In the vast majority of jurisdictions in the United States, a business may protect its confidential information and customer goodwill by conditioning employment on an employee’s acceptance of a covenant not to compete. These covenants are beneficial to the marketplace because they allow employers to provide employees with necessary skills, knowledge, and proprietary information without any fear of misappropriation. Accordingly, noncompete agreements are upheld by courts so long as they pass a fact-specific “reasonableness” test.

Notwithstanding the widespread acceptance of reasonable noncompete agreements for all other professionals—including doctors and corporate executives—forty-eight states, following the American Bar Association’s lead, prohibit all noncompete agreements among lawyers.
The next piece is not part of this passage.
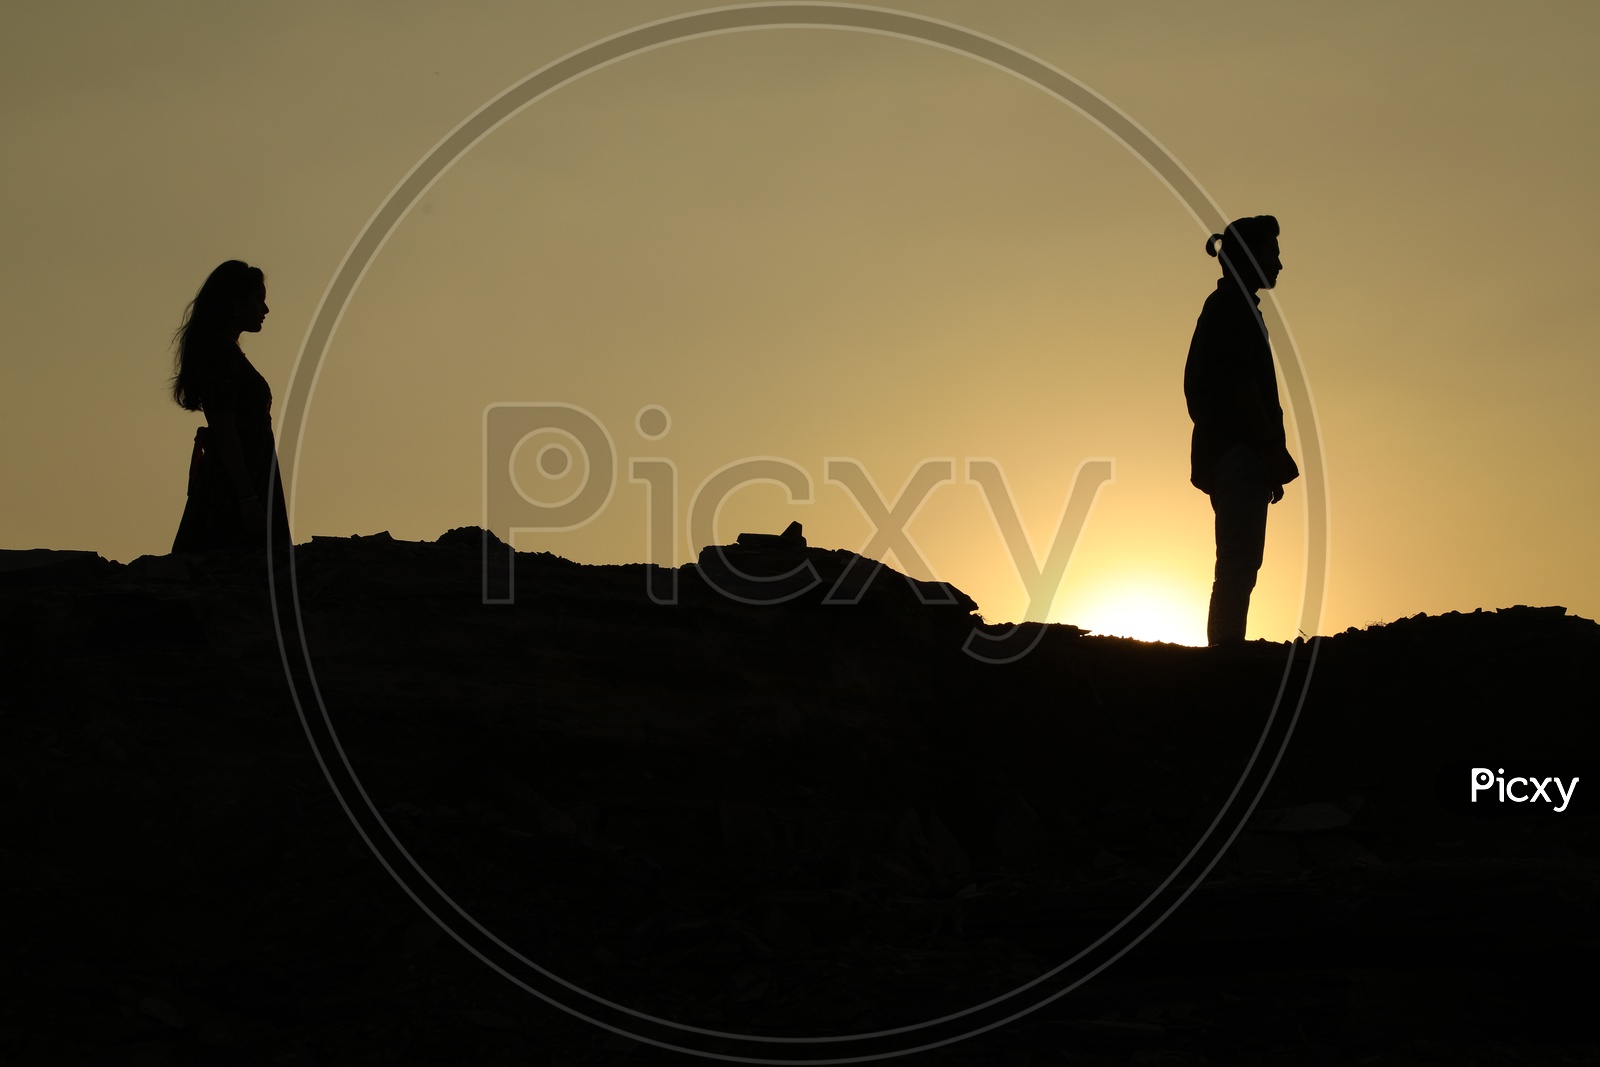 Silhouette of man and woman on the top of the rocky hill
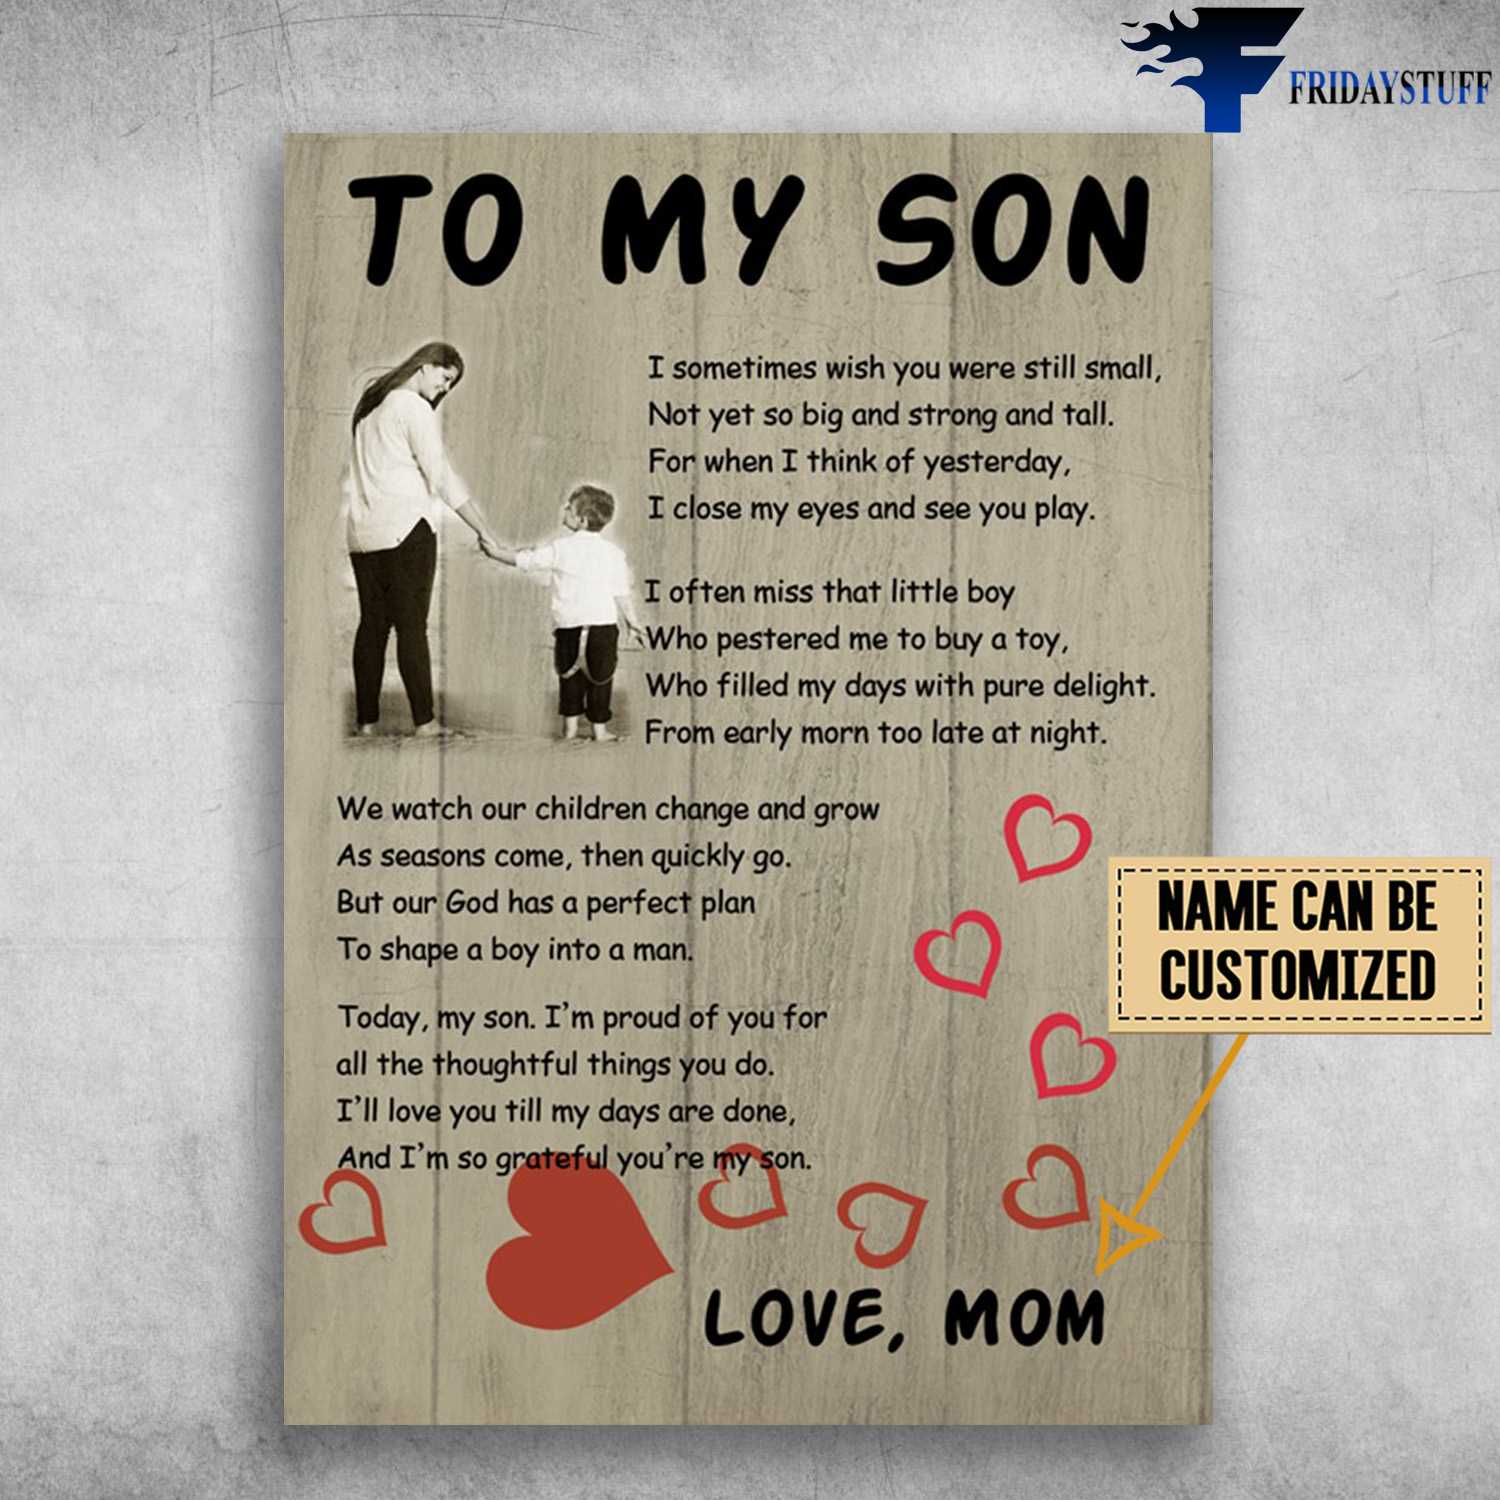 Mom And Son, To My Son, I Sometimes Wish You Were Still Small, Not Yet So Big And Strong And Tall, For When I Think Of Yesterday, I Close My Eyes And See You Play

This prohibition is purportedly designed to protect both an attorney’s professional autonomy and a client’s right to choose his counsel. Despite legal commentators’ criticism of the prohibition, several state bar associations have recently extended it beyond the traditional law-firm context to agreements between companies and their in-house counsel. This expansion has transformed a questionable policy of professional self-regulation into an unjustifiable infringement on the legitimate interests of corporate employers. In addition to providing an analysis of the history and ethical norms that justify rejection of the ban’s application to in-house counsel, this Note argues that bar committees that issue opinions supporting the ban’s extension may be susceptible to antitrust liability under the Supreme Court’s new Dental Board standard pertaining to state-action immunity.